** WHAT YOU ARE ASKED TO DO **
Both the line with "Bottega Veneta Eyewear" and the line with "off-white binder clip" in the records below must appear in the output, along with every line between them, exactly and with nothing added.

** DATA UNDER STUDY **
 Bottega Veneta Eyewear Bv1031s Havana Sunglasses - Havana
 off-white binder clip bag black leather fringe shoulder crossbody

...

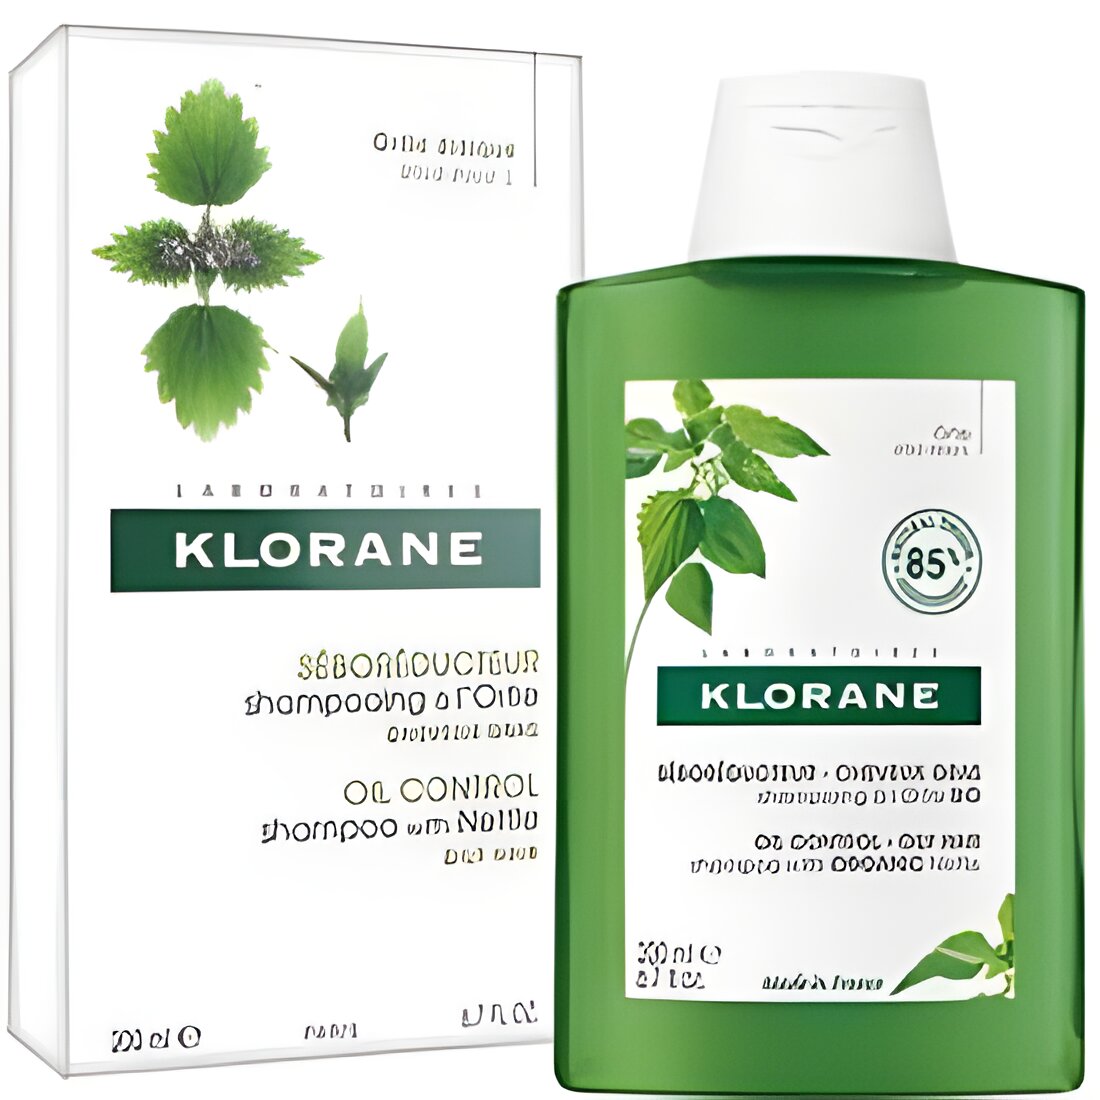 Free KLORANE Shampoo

==

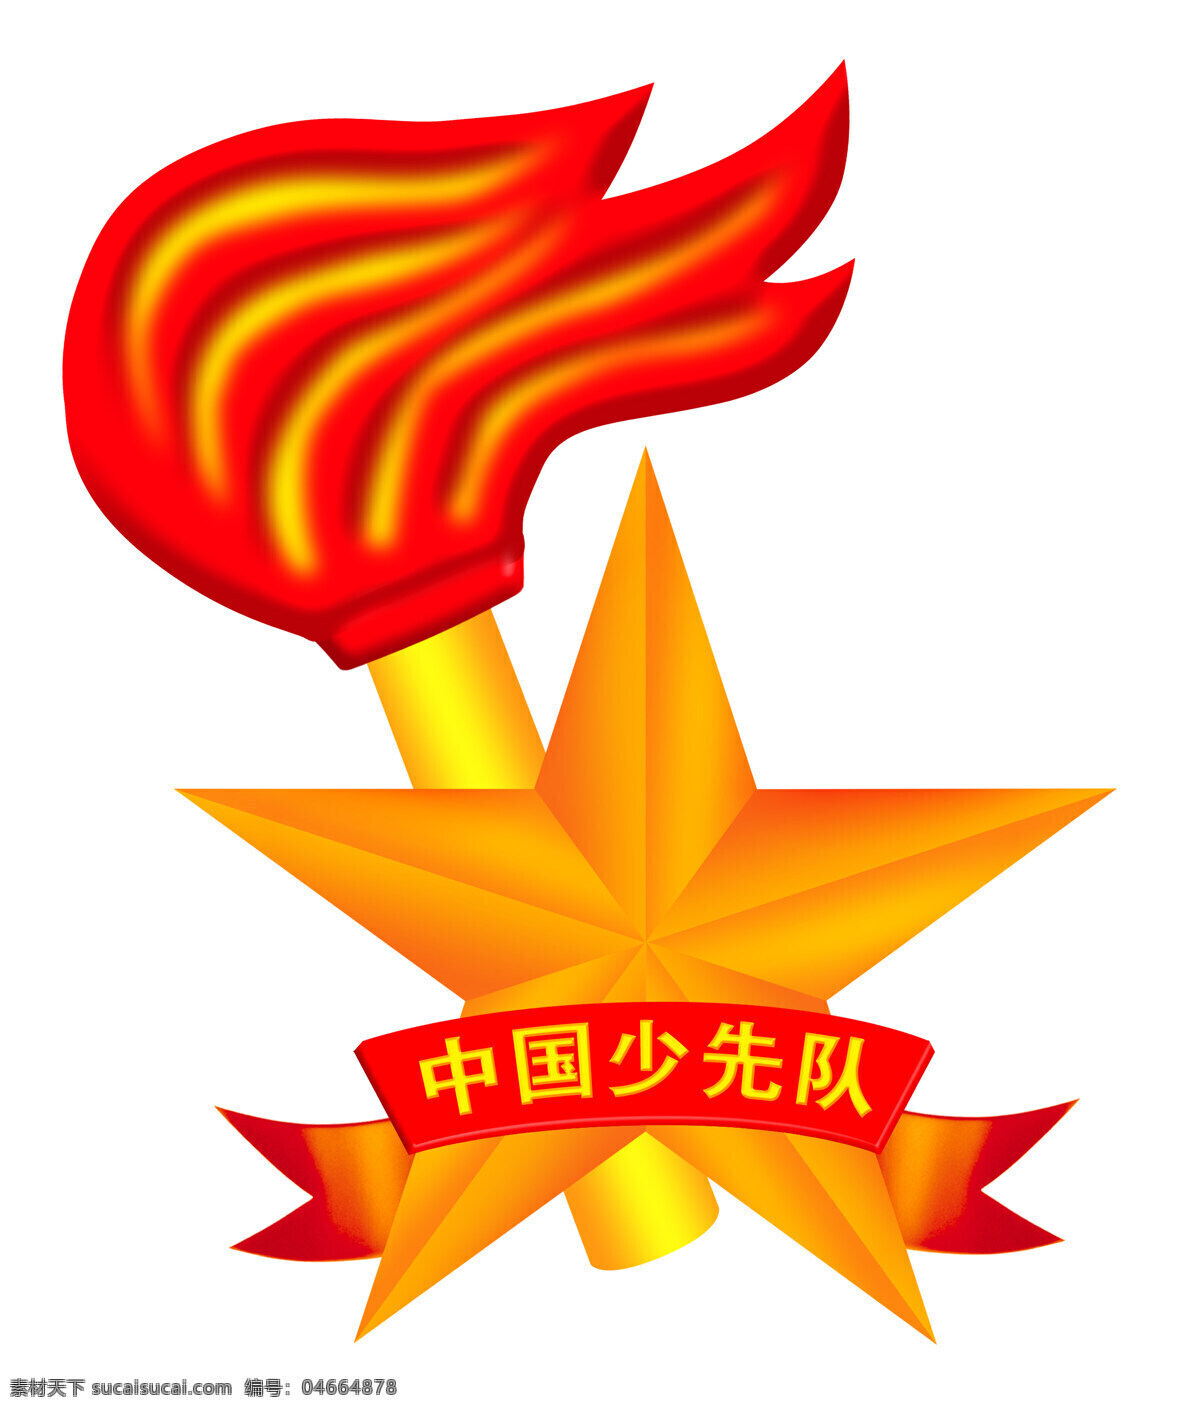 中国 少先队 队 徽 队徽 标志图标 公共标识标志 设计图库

** ANSWER FOR THE TASK **
 Bottega Veneta Eyewear Bv1031s Havana Sunglasses - Havana
 off-white binder clip bag black leather fringe shoulder crossbody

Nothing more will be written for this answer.